We now have four new full-time city employees at $800,000 annually – an Emergency Coordinator, two Undergrounding Managers, and newly approved soon to be hired “Defensible Space Inspector.” Government jobs program anyone? That $800,000 never goes away. The City should have been inspecting defensible space for years, but staff has been too busy making PR videos and PowerPoint presentations.

Meanwhile, long awaited resident serving projects remain unfunded, pension debt paydown derailed. Fire safety, yes. Blank checkbooks, no. We get the government we deserve. Good luck Laguna, we’ve been heisted.

Jennifer Zeiter

Laguna Beach


Abusing race card?

To my knowledge, our President has not called anyone racist names nor singled out anyone based on the color of their skin. He’s done plenty for the black, Hispanic, and Asian communities, in my opinion, and has operated global businesses for years employing people of all races. He’s also donated to various charities supporting women and minorities over many years. He has appointed many women and minorities to key staff positions in the White House and on his Cabinet. If a politician happens to be black, brown, or purple and that person is criticized for what they’ve done or haven’t done for a ruined city, state, or district, especially when the statistics support the criticism, I see that as simply calling attention to a major problem and expecting the politicians responsible to clean up their own area before criticizing others. 

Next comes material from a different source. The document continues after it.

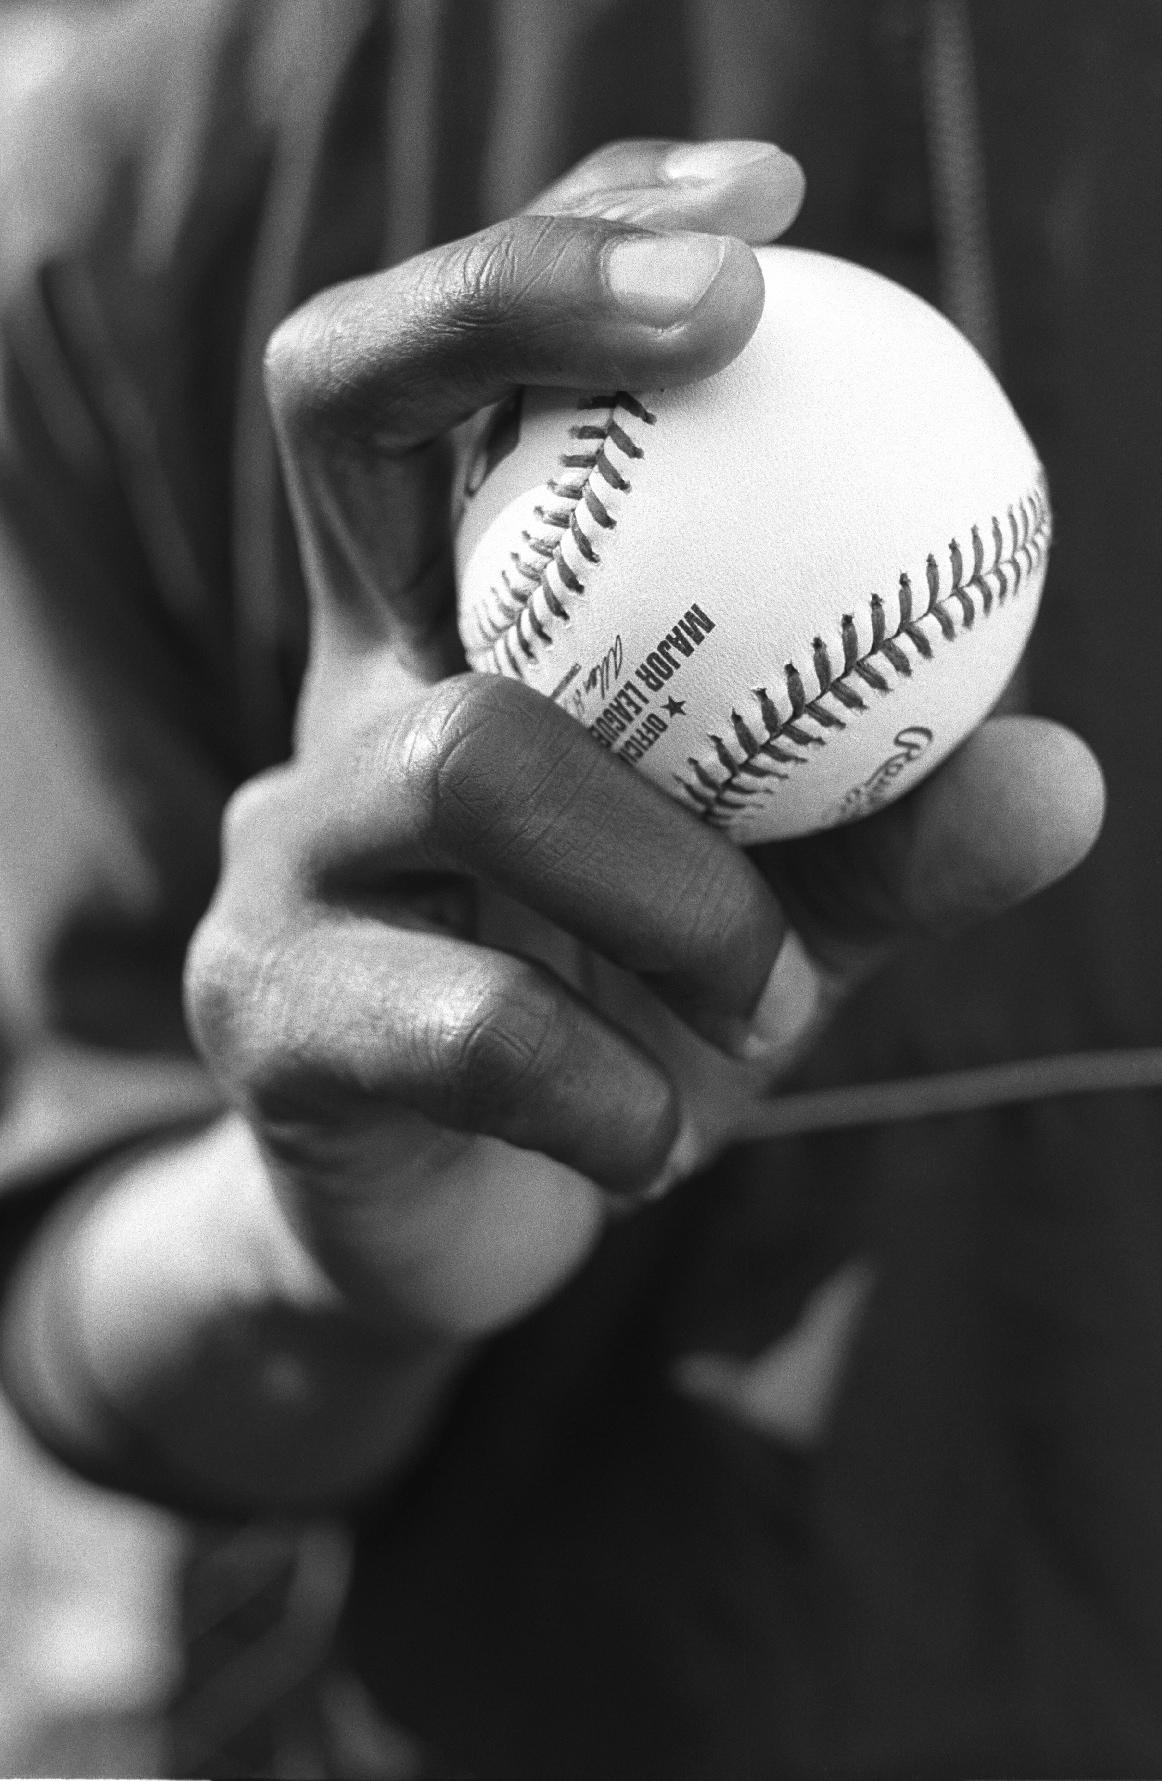 Hand of pitcher Felix Rodriquez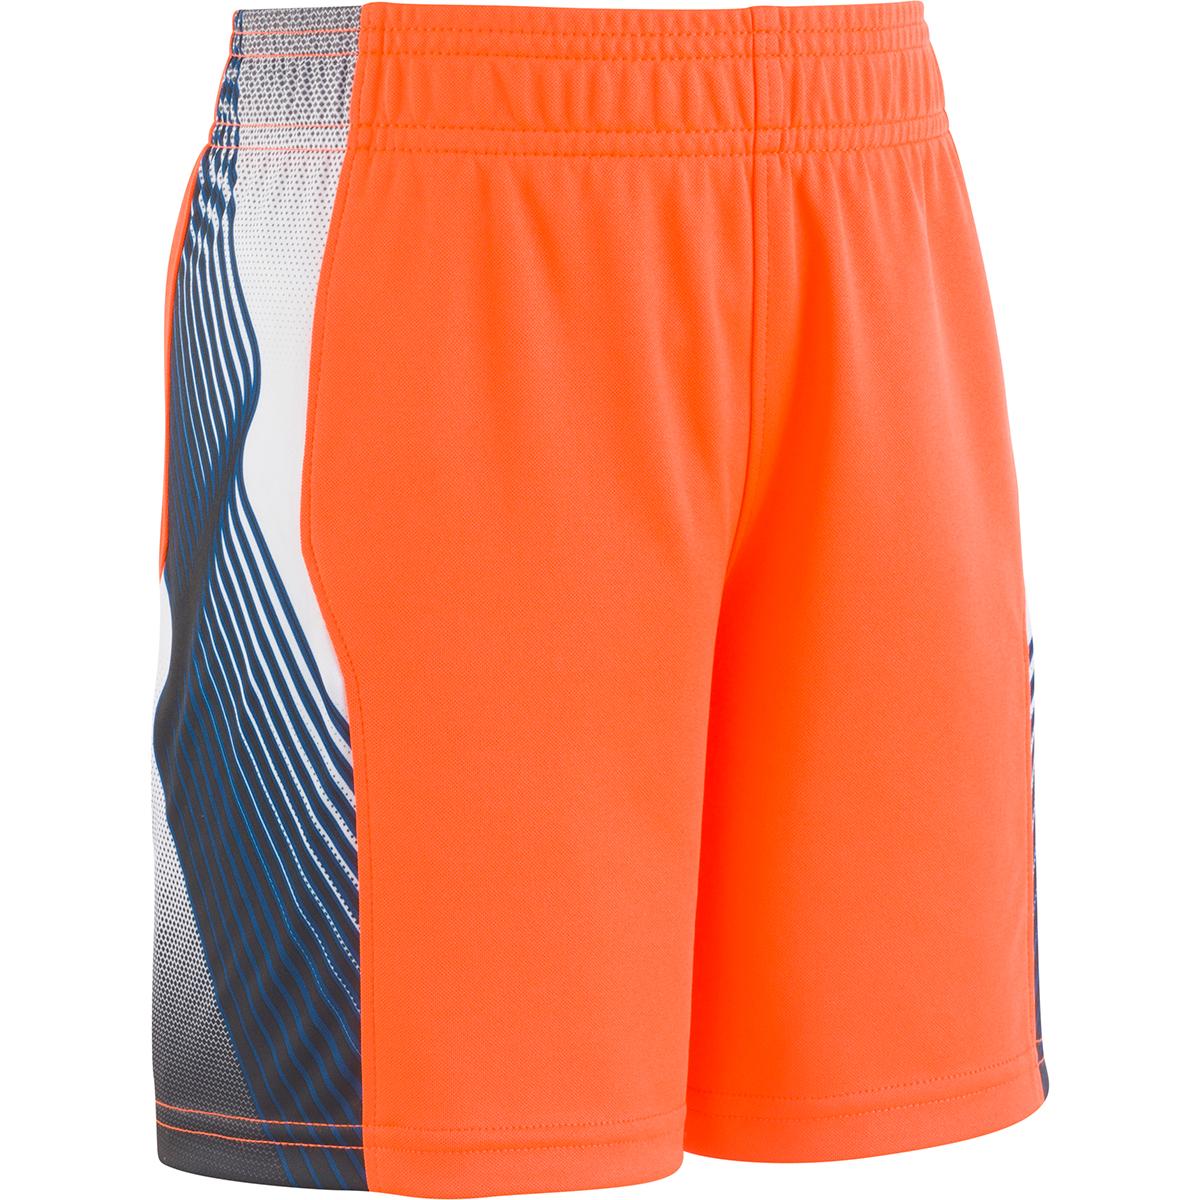 Under Armour Little Boys' Ua Space The Floor Basketball Shorts - Orange, 5

If our President wants stronger immigration enforcement and a border wall to prevent people from coming here illegally, I see that as simply supporting our sovereignty, our Constitution, and our laws, which he is bound to do by his oath of office and being Commander-in-Chief. I don’t believe it matters to him what color the people are who are coming here illegally. As far as I can see, it only matters that they’re doing so, evading authorities and our judicial system and putting our country at risk of increased crime rates, disease, and terrorism. 

Being a multi-billionaire businessman with a lot more successes than failures, he does run our country like a business, in my opinion, and he’s doing a very good job at it. Our economy, jobs, and unemployment rates are some of the best that they’ve been in decades and our stock market is especially high. Businesses and shareholders (citizens) look at results, and workers, investors, and retirees are better off because of them. I think most would rather have a President who takes action and does what he says he will do rather than just another politician who continues to not answer direct questions, is overly diplomatic, and afraid to ruffle any feathers and says one thing but continues to do the opposite with few results to show for it. 

In my opinion, the opposition is using the race card to try to pull out when they can’t argue with a good economy. It seems it’s easier for some to call someone a racist in an attempt to shut any further arguments down rather than attempting to argue against facts and logic. President Trump has done more to improve the economic position of all Americans, including minorities, than any other President in decades, in my opinion.